千早とボロミアのエピソードは、『IotR』の物語全体を通じて観察される重要なテーマが、とりわけ具体的、特徴的に語られているもののひとつであり、そしてそれはいま、未だ語り尽くされないままに途切れています。
たとえば、アイドルにとっての元の世界の暮らし・人びととの結びつきと、こちらの世界の暮らし・人びととの結びつき、そして二つの世界を通じて持続している、765プロの人びととの結びつき。
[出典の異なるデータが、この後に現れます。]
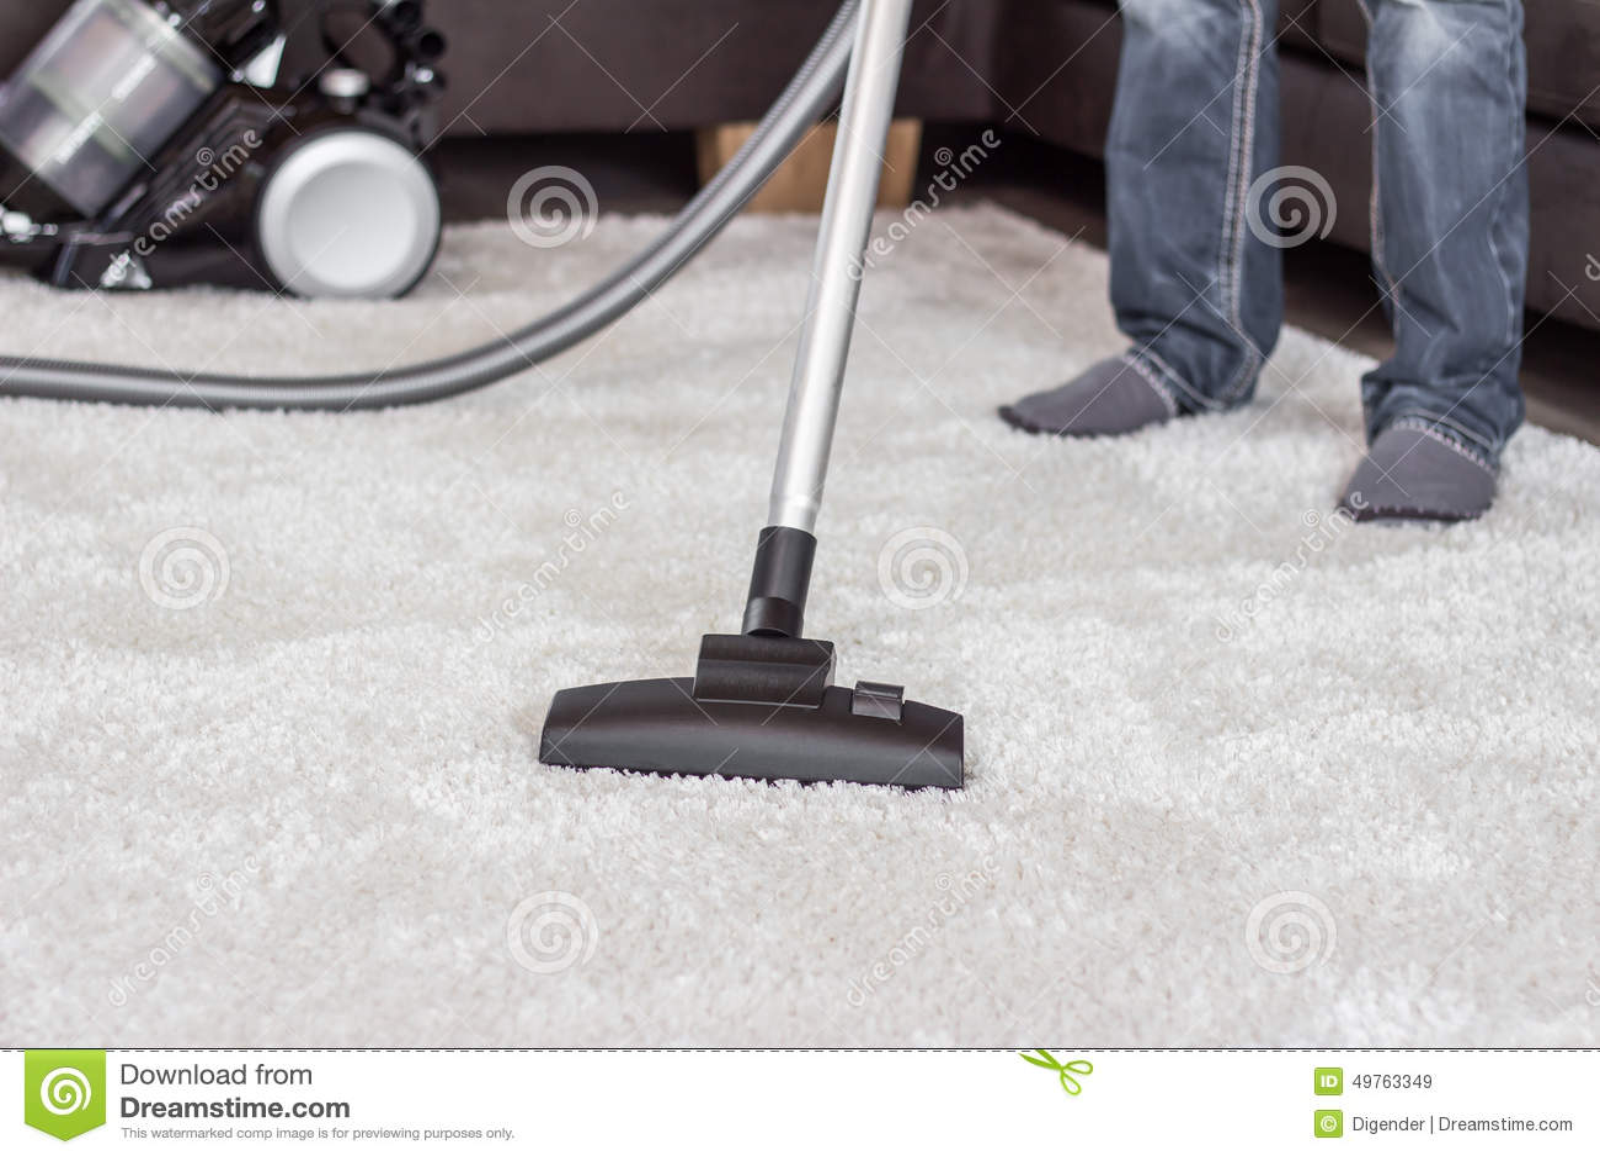 Een mens maakt het tapijt met een stofzuiger schoon

この物語を考える上できわめて重要な要素である、その3者の関係について、もっともくわしく心情が語られ、考察がなされるのは、千早とボロミアの会話においてです。
同様に、物語全体を通じて重要な要素である、歌、というものについて、とりわけ多く言及、描写がなされているのも、千早のエピソードにおいてです。
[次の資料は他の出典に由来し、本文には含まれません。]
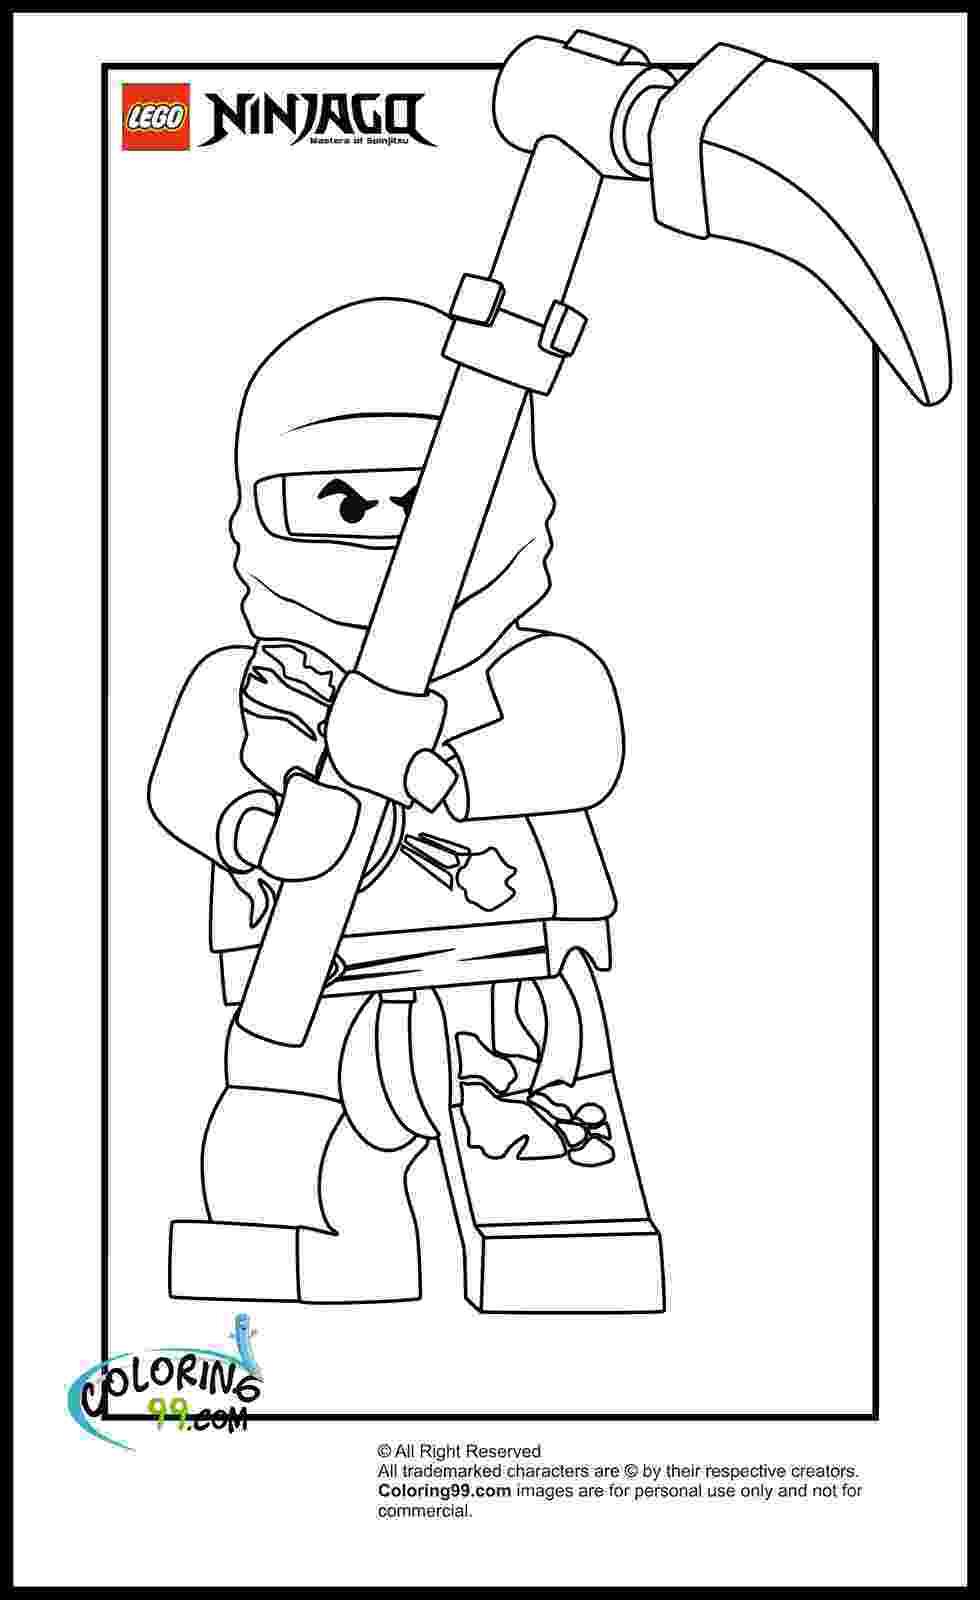 ninja coloring sheets ninja coloring pages to download and print for free coloring sheets ninja 1 1

ミナス・ティリスの城から裂け谷へ向かう、千早とボロミアの道行きは、そうやって物語を通して千早というキャラクターへの解釈・考察が、千早を通して物語の根幹が語られる場面であるのと同時に、ゴンドールという共同体の個性、ボロミアとその家族たちの個性が、鮮やかに照らし出される場面でもあります。
ゴンドールに暮らす人びとの命運を一身に背負って、確かに存在するものかどうかすらわからない希望を求めて旅立った、ボロミアという人間の心情。ここに至るまでの彼の来し方、思い、誇り。
本来そこに居なかった筈の、千早という ”旅の仲間” を得て、初めてそれは『指輪物語』の奥底に秘められたものから、私たち読者の眼前で豊かに物語られるものに変わりました。

そして、そうしていとしいさかなPの物語の中の、千早を相手に笑い、悩み、物語るボロミアを、楽しめば楽しむほどに、思い入れれば思い入れるほどに。
私たちは、トールキンの物語の中の、瀬田貞二の物語の中の、映画の物語の中の、”実際には” ただひとりで、語る相手もなく旅だっていったはずのボロミアの姿を、(『IotR』の描写の内には未だ存在していない)彼の行く末、運命全体までを、『IotR』での彼の姿の中に、重ね合わせて想わざるを得ません。
ふたりの会話があたたかさに、慈しみに、よろこびに満ちていればいるほどに、まったく同時に私たちは、そこにさびしさを、重みを、かなしみを重ね合わせずにはいられず、そしてそのかなしみが深ければ深いほどに、よろこびもまた深いのです。